An information-theoretic approach to integrated mechanistic-empirical modeling of cellular response based on intracellular signaling dynamics

The following paper presents a new systematic approach to the design and construction of a hybrid mechanistic-empirical model for the prediction of cellular response to extracellular cues. The hybrid framework incorporates computable biological models, such as signal transduction network, with empirical experimental data. The environment input cues are augmented by intracellular signals computed as simulated response to input cues. The mechanistic model of signal transduction, however, is often too complex to predict downstream cell behaviors, or the details of the downstream signaling events are not accurately known.

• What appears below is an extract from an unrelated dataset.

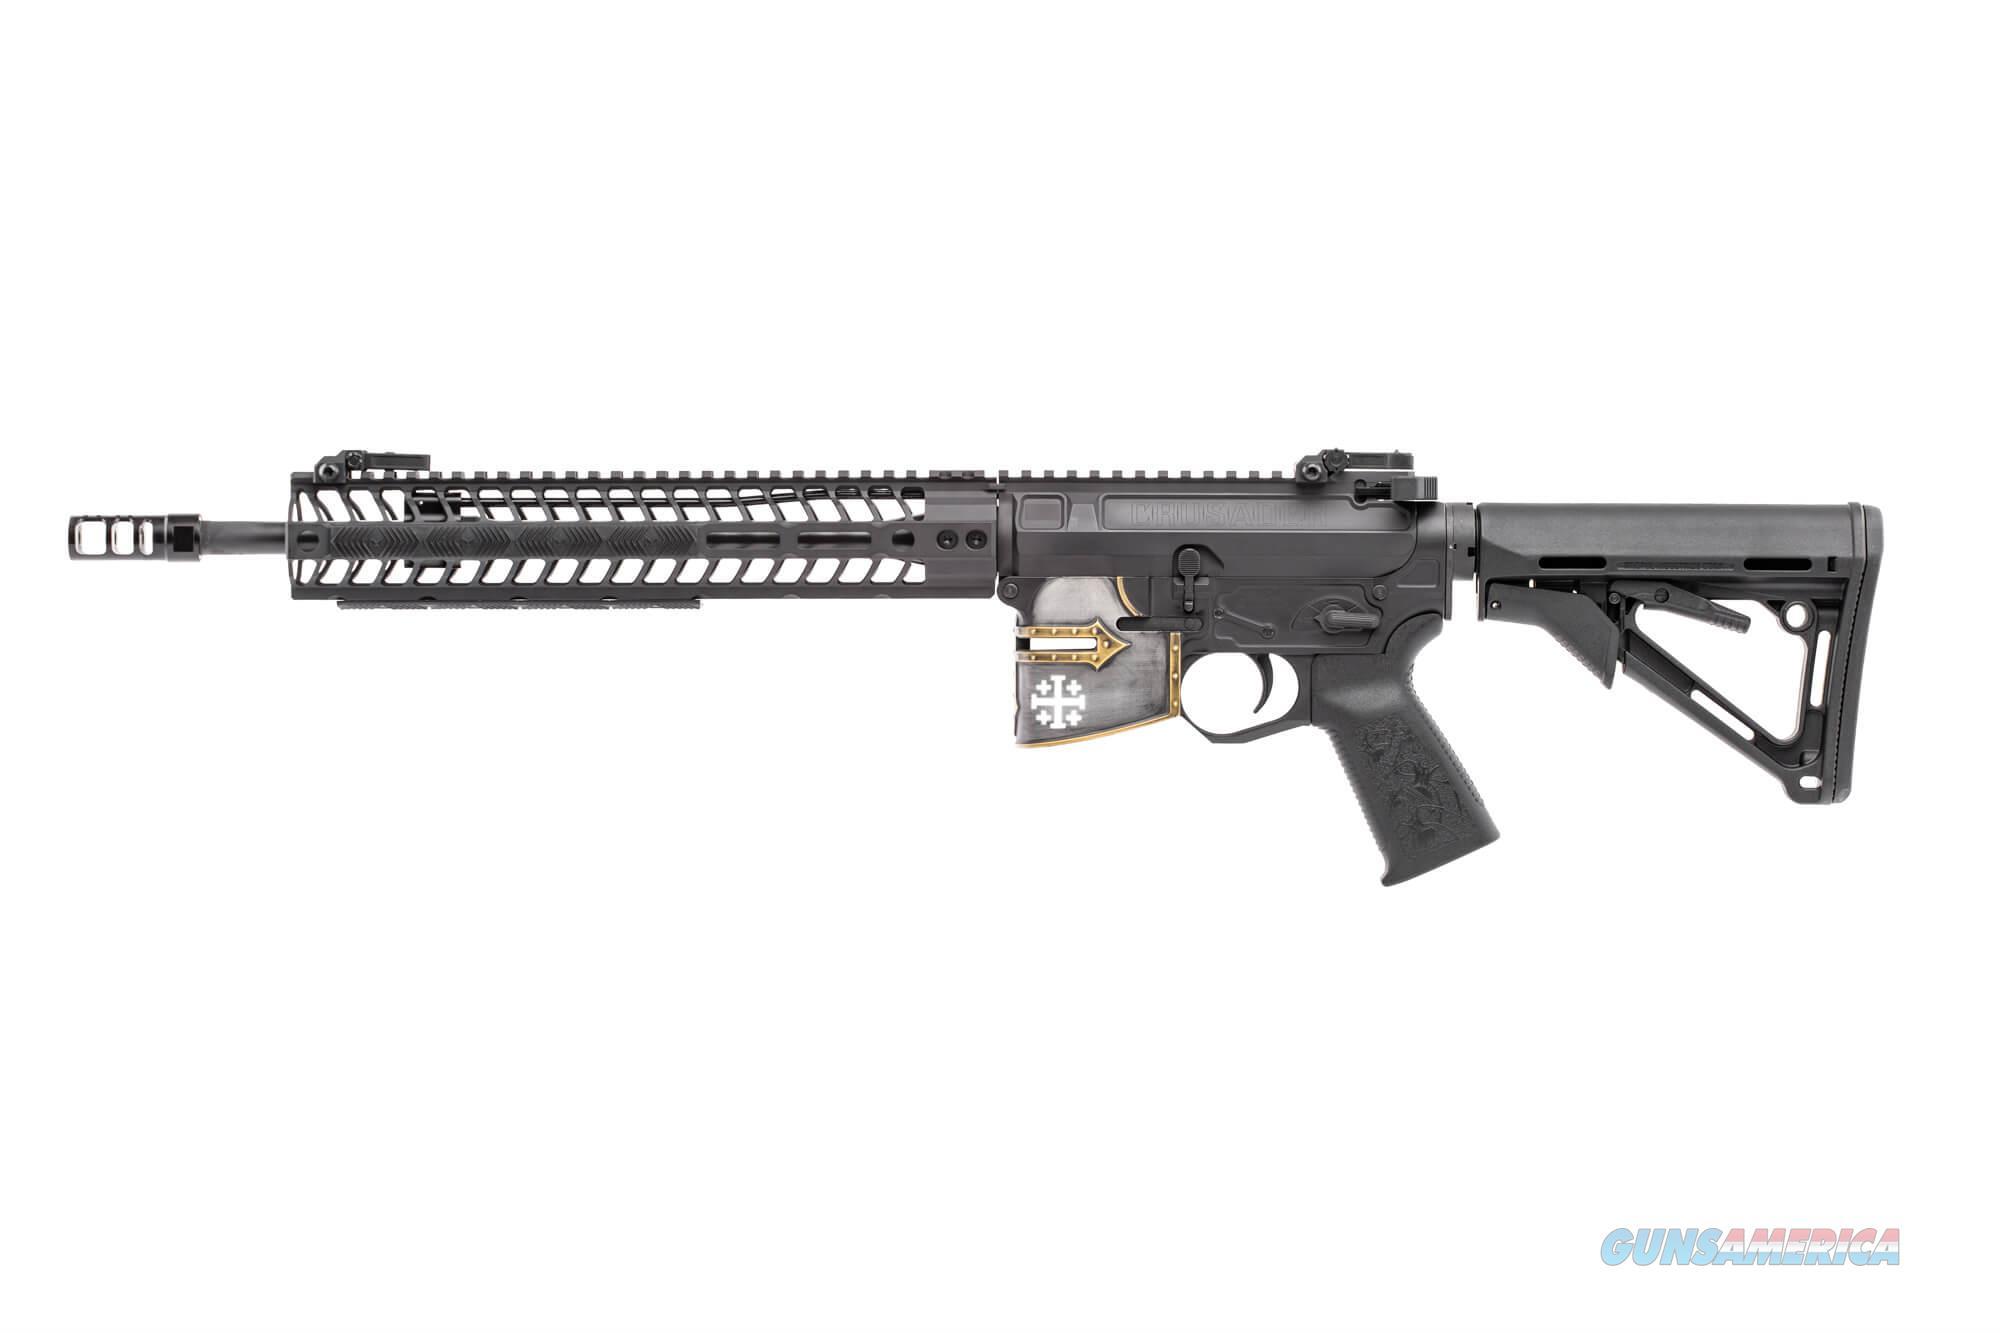 """Spikes Tactical Rare Breed Crusader 5.56 AR-15 14.5"""" Non-NFA 30+1 NIB SALE PRICE STR5625-M2R  Guns > Rifles > Spikes Tactical Rifles"""

To fill the gap we incorporate an empirical model that relates the augmented input space of extracellular cues(computed using the mechanistic model) to an observable output space using Partial Least Squares Regression (PLSR). Akaikie´s Information Criterion is used to find an optimal order of the PLSR model based on the trade-off between accuracy and variance. This two-stage approach (first augmenting the input space through a mechanistic map, then eliminating co-linearity and empirically correlating to downstream behaviors by PLSR) is a powerful tool for this class of integrated mechanistic-empirical modeling problems. We first introduce the framework of the mechanistic-empirical hybrid model, present an AIC-based model structure metric, and apply the method to a T-Cell immuno-response problem. The resultant lower-order, nonlinear, mechanistic-empirical model that accurately represents the process being studied.